Governance records the work. Privacy records the data protection decisions. Vendor Management records supplier assurance. Application Library records approved use. Academy LMS records training. Contract records cost, renewal and value.

This creates a more complete evidence base for leadership, governors, inspectors, accreditors and, where necessary, regulators.

Better pedagogy, better procurement, better use of budgets

AI will increase pressure on school budgets. Vendors will continue to integrate AI features into existing products. New products will enter the market. Staff will request tools. Students will use tools independently. Existing platforms will add AI functionality through updates, sometimes with little obvious change to the way the product is marketed or procured.

Without governance, this becomes fragmented and expensive.

With governance, the school can ask better questions before money is spent. Does the tool support the school’s AI strategy? Does it solve a real educational or operational problem? Is it safe for the age of students using it? Does it process personal data? Has the vendor provided sufficient assurance? Does it duplicate something the school already pays for? Can staff use it effectively? What training is required? How will impact be reviewed?

This supports better pedagogy because tools are selected for educational purpose, not novelty. It supports better safety because risks are assessed before use. It supports better budgeting because the school is less likely to buy overlapping, unsuitable or poorly governed technology.
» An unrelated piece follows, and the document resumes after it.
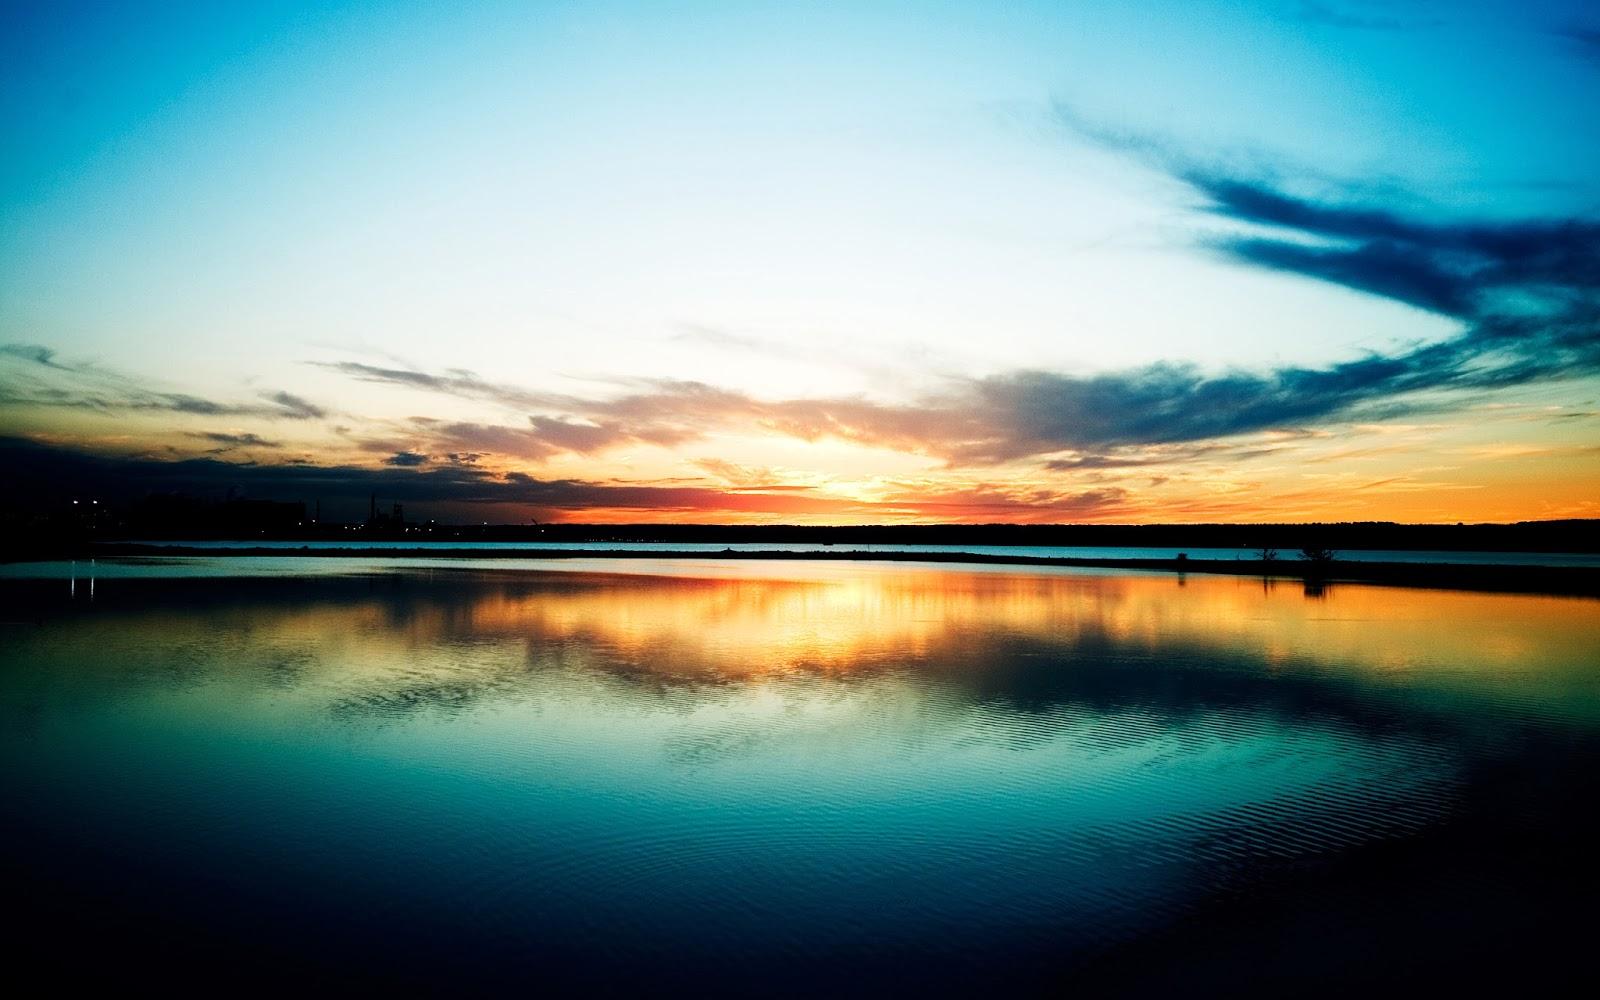 """<img src=""""http://2.bp.blogspot.com/-oetlnoVRXnk/Ut7Wer4l88I/AAAAAAAAJsY/Nbc0NMteU4U/s1600/harbour-sunset.jpg"""" alt=""""harbour sunset"""" />"""

Conclusion: the foundation for using AI well

The Diamond Formation is critical to the successful use of emerging technologies like AI.

It gives schools a practical way to bring together academic ambition, safeguarding responsibility, technical implementation and privacy oversight. It connects policy to practice. It connects strategy to delivery. It connects operational work to leadership accountability.

But the Diamond Formation should not live only as a diagram, a policy statement or a leadership discussion. It needs to be operationalised.

That is where the 9ine platform supports schools. It gives the Diamond Formation a practical management layer: one place to govern projects, assess vendors, manage privacy risk, approve applications, train staff, evidence decisions and connect technology use to cost, safety, compliance and impact.

AI will continue to evolve. The risks will change. The tools will change. The opportunities will change. Schools therefore need a governance structure that is capable of learning, adapting and improving.

The Diamond Formation provides that structure.

The 9ine platform helps schools put it into practice.